── Dataset excerpts ──
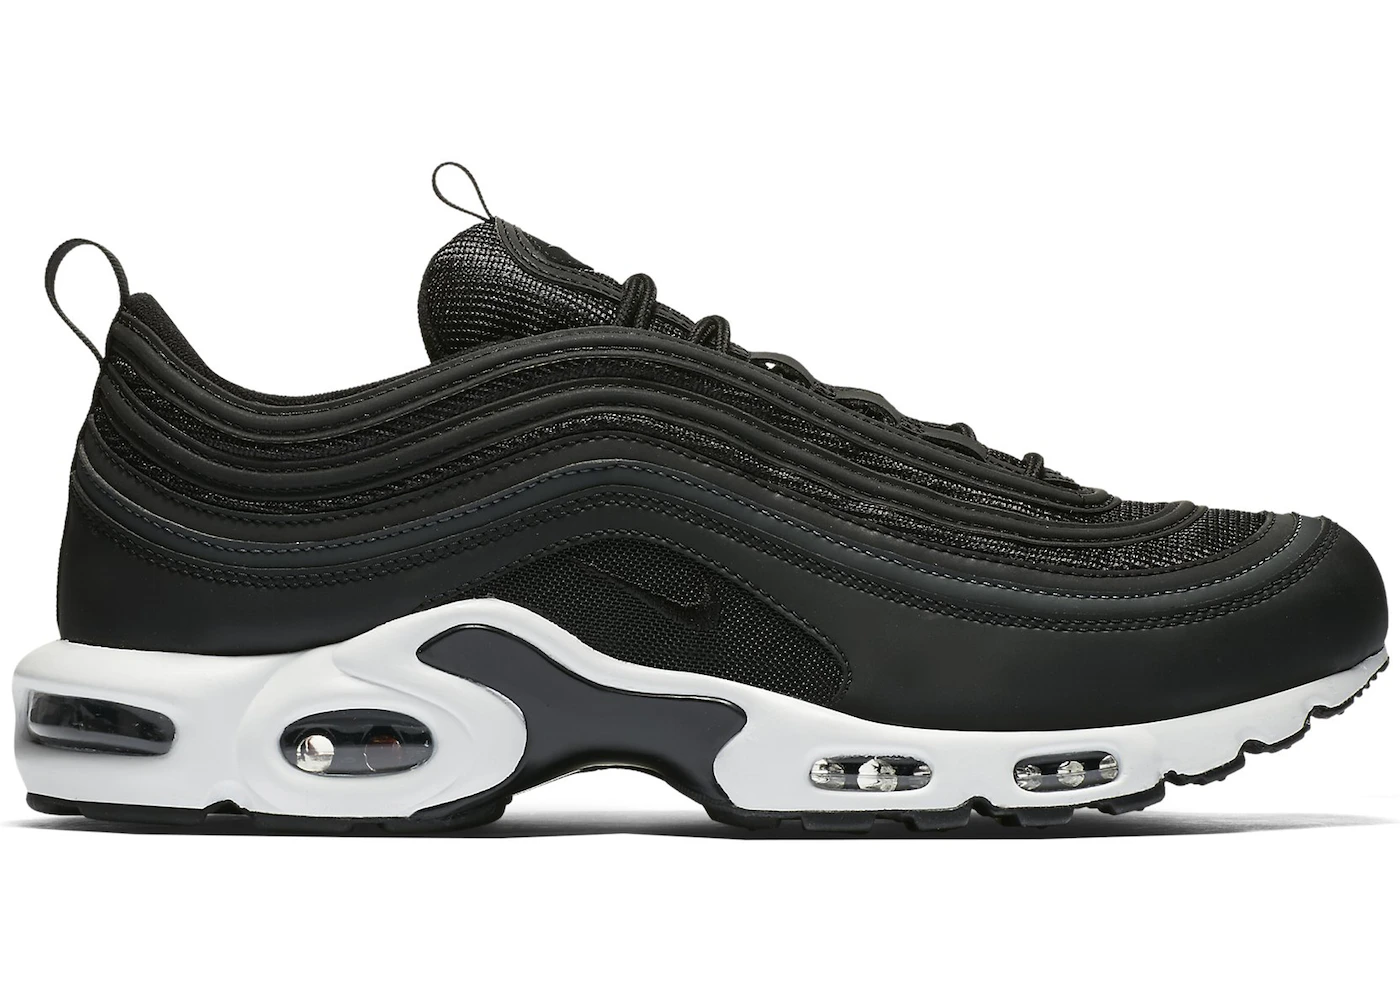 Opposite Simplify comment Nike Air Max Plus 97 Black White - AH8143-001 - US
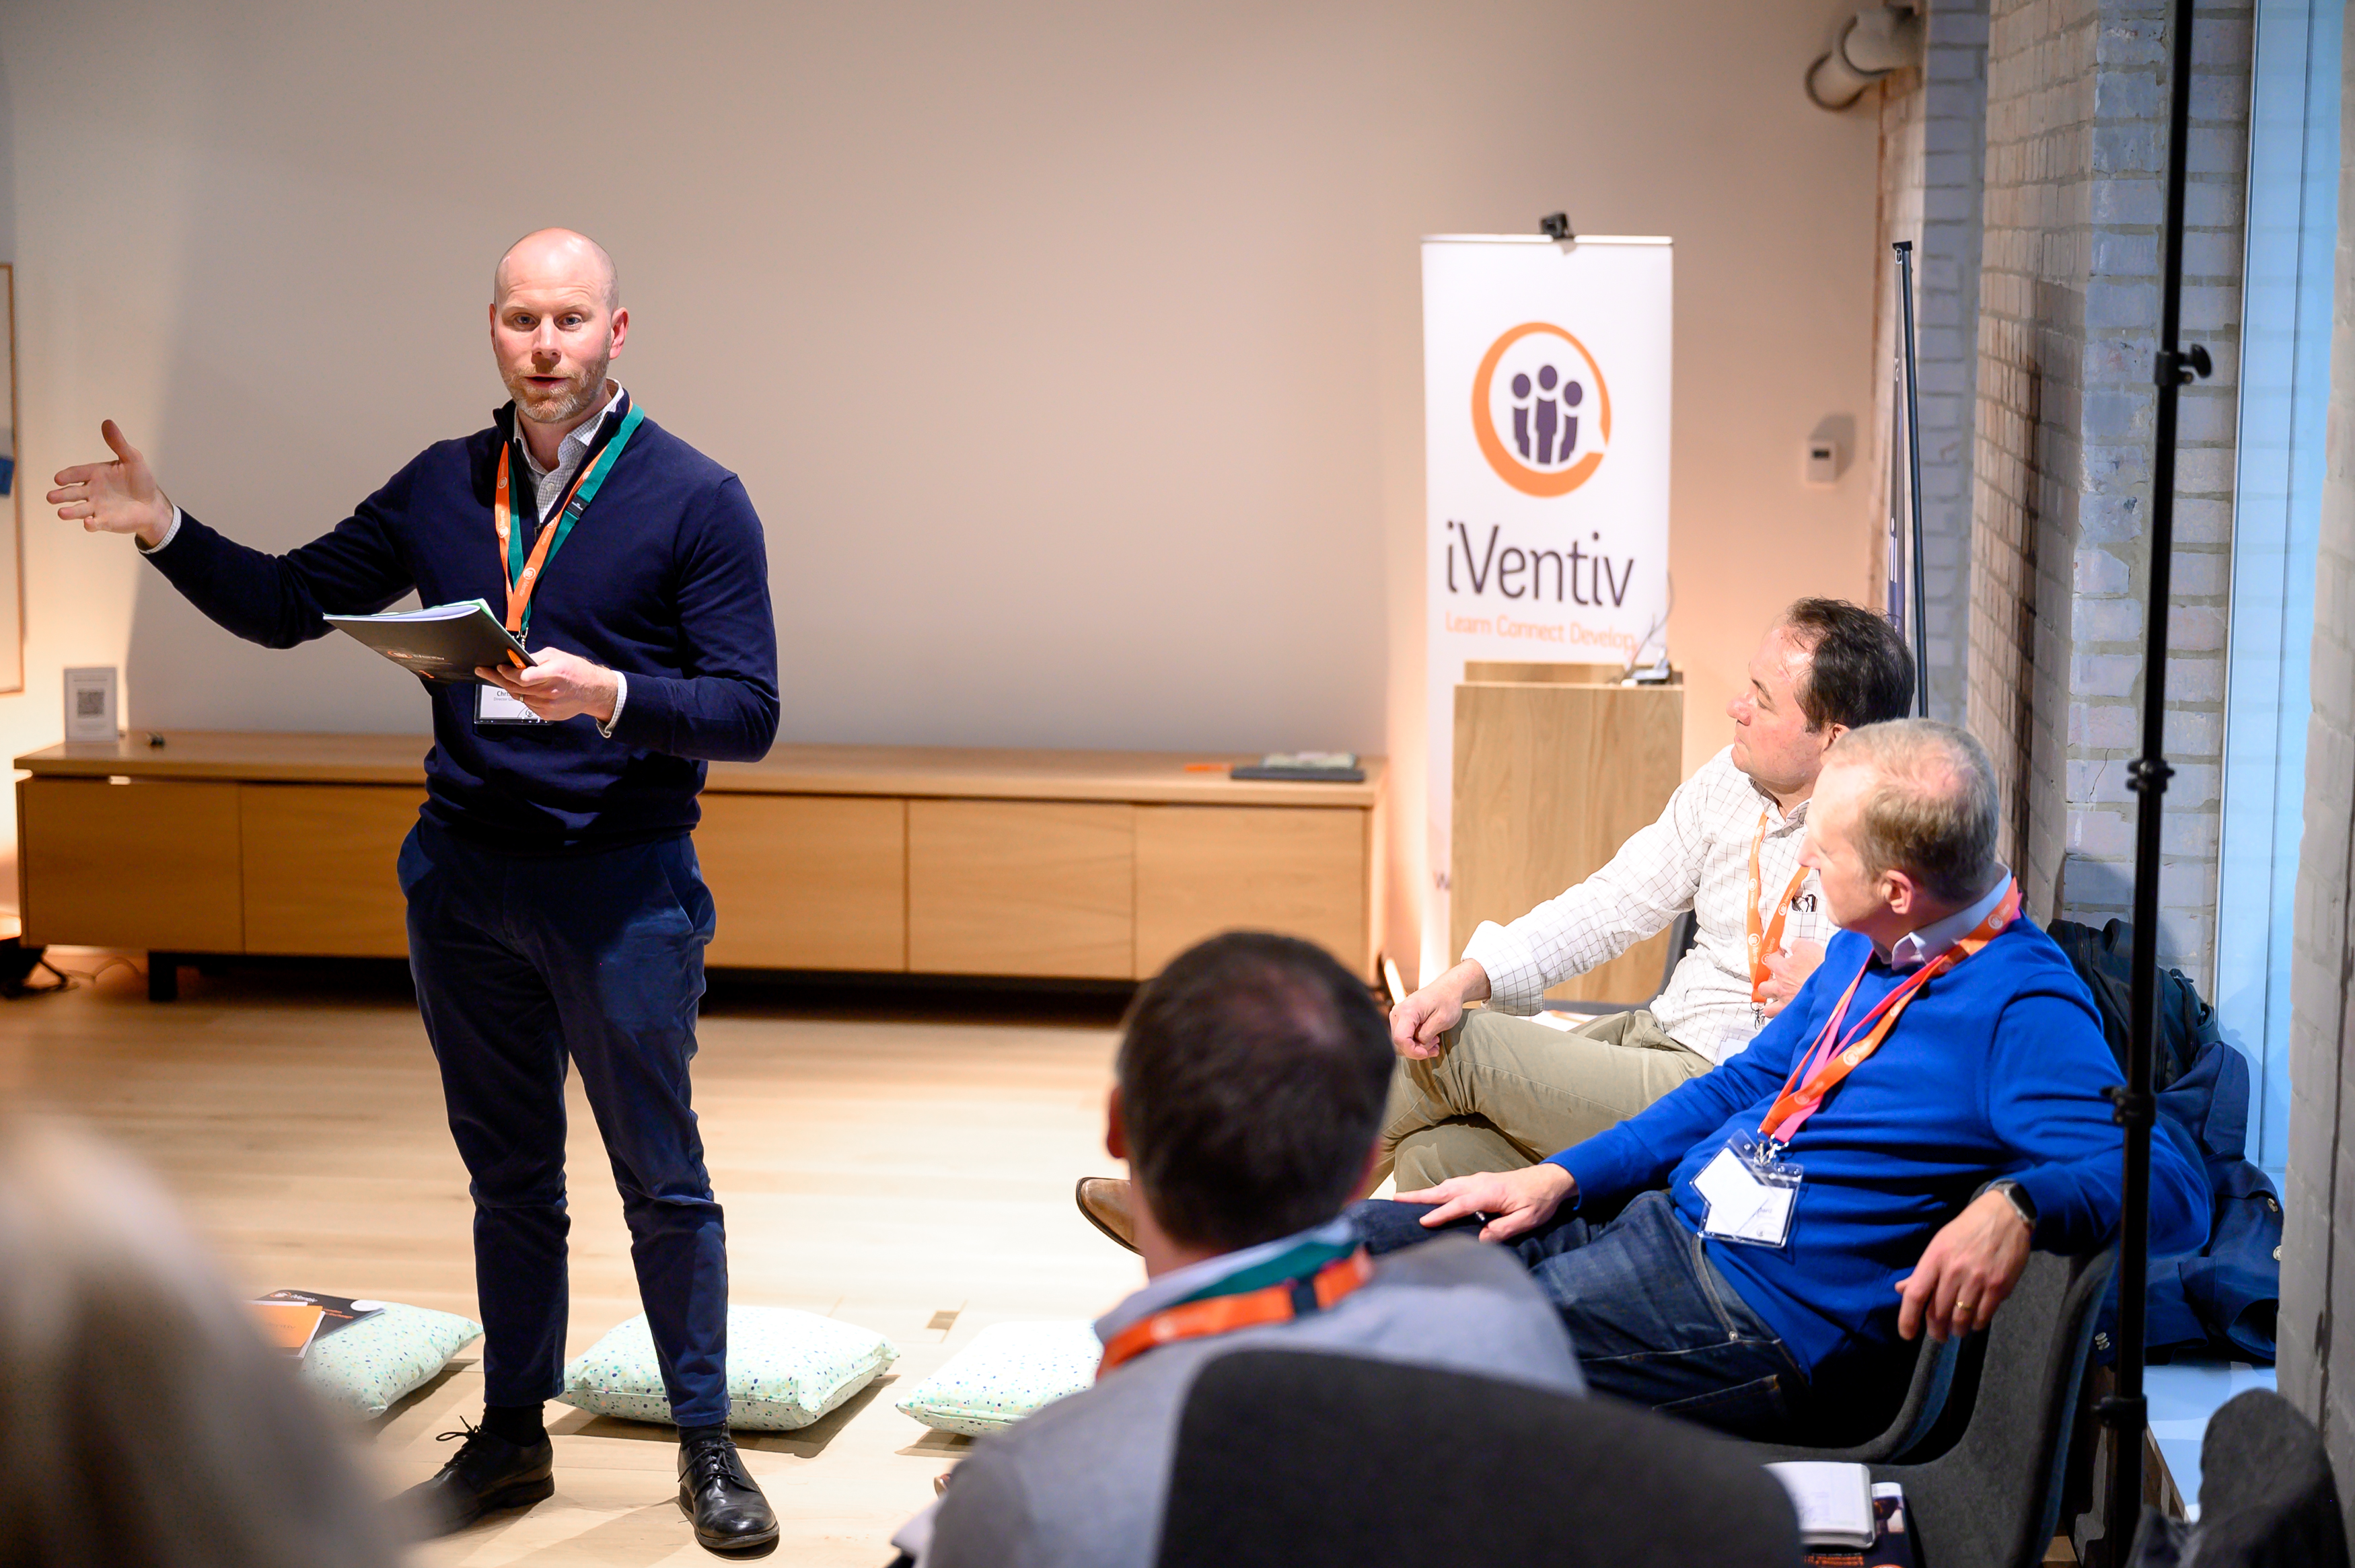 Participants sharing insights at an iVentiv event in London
───
── Dataset excerpts ──
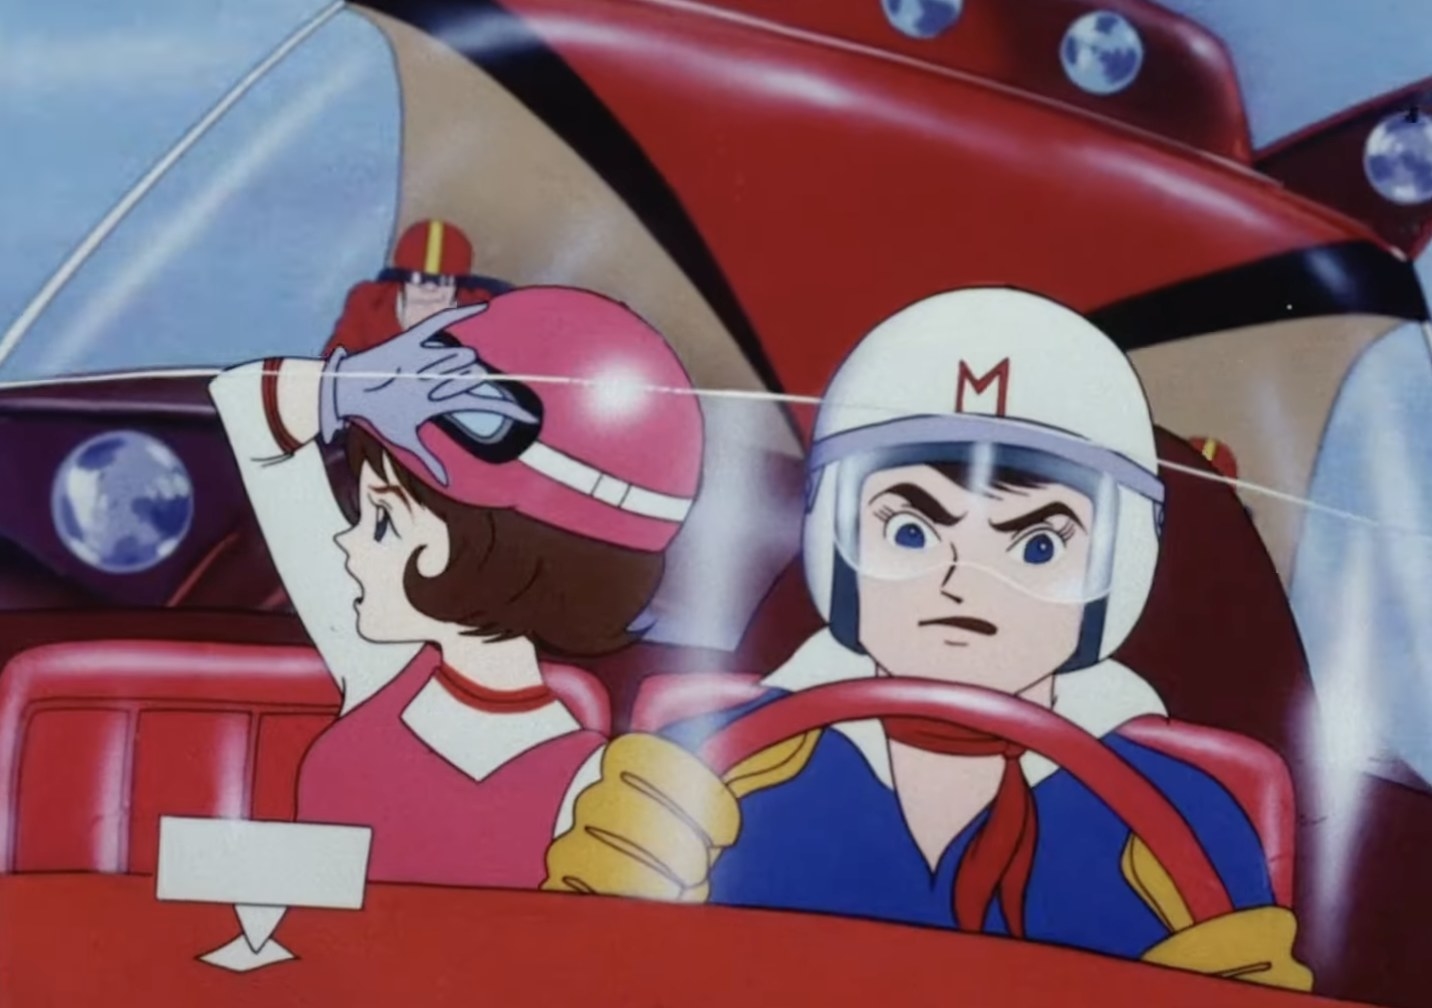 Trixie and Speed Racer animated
───
Out of the records above, please copy exactly the lines from the line with "Opposite Simplify comment" up to and including the line with "Participants sharing insights", minus the pictures.

 Opposite Simplify comment Nike Air Max Plus 97 Black White - AH8143-001 - US
 Participants sharing insights at an iVentiv event in London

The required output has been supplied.